Foreign Languages and Approach-Avoidance Conflicts

[ Contents | Search | Next | Previous | Up ]


Foreign language issues

From: Laura Casado
Date: 19 Oct 2012
Time: 13:20:07 -0500
Remote Name: 131.125.101.148

Comments

This is my second year in Graduate school studying speech language pathology. First of all, I will like to thank you for sharing this story with us. I came across your article as I searched this site and as I read I just kept thinking that I can relate in some way to you and your wife on your trip to Croatia. I am not a person who stutters but English is not my native language. I came to the United States at the age of 10 from the Dominican Republic.
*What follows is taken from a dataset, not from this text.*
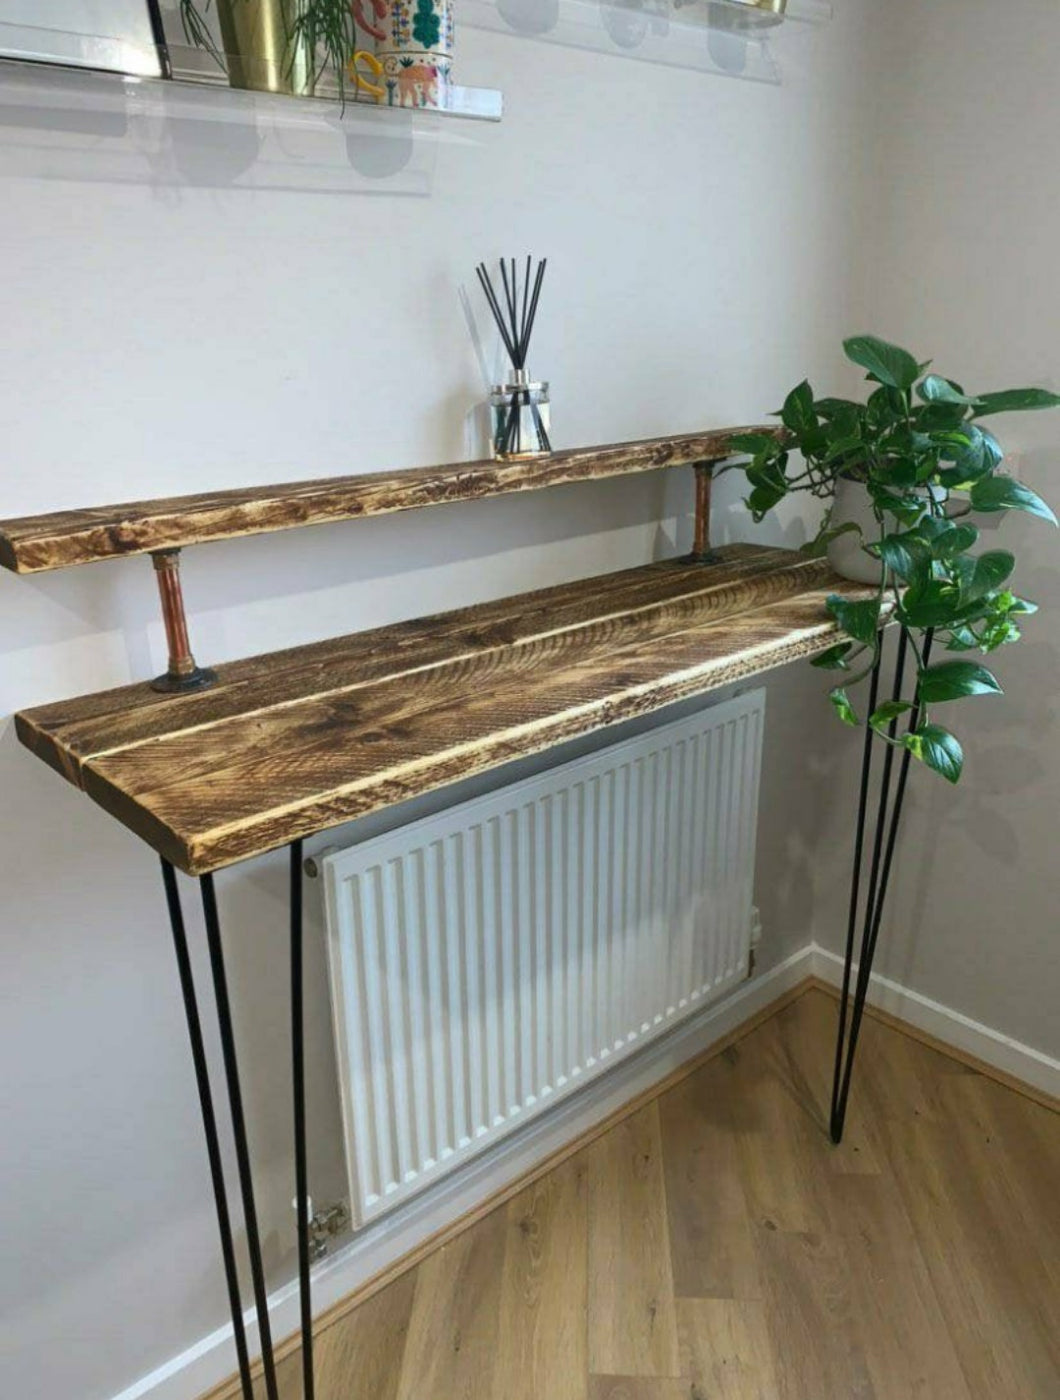 Rustic Two-Tier Breakfast Bar Supported by Steel Hairpin Legs

As a native speaker of Spanish, coming to the United States to learn a new language proved to be a very difficult situation for me. The first few months being here in the U.S., I avoided speaking situations (in English) at all costs. I was afraid to participate in the classroom or speak with my peers. My negative reactions (as you mentioned in your article) were the reactions of my peers. They would laugh and giggle when I had to speak in class, and sometimes said mean things to me as I walked around the hallways. I remember them making fun of the way that I pronounced things which just made my life a living hell. Til this day in Graduate school, when I have to talk in front of my peers who are mostly English speakers, I start sensing the discomfort building inside of me. The panic, the nerves of messing up or of not being understood overwhelm me and I become disfluent. I feel my tongue not being able to make the sounds that I want it to make. As you mentioned, approach-avoidance conflicts are a mysterious phenomenon. I find it fascinating and intriguing the way that your mind and your body can have such an impact on everything that an individual does.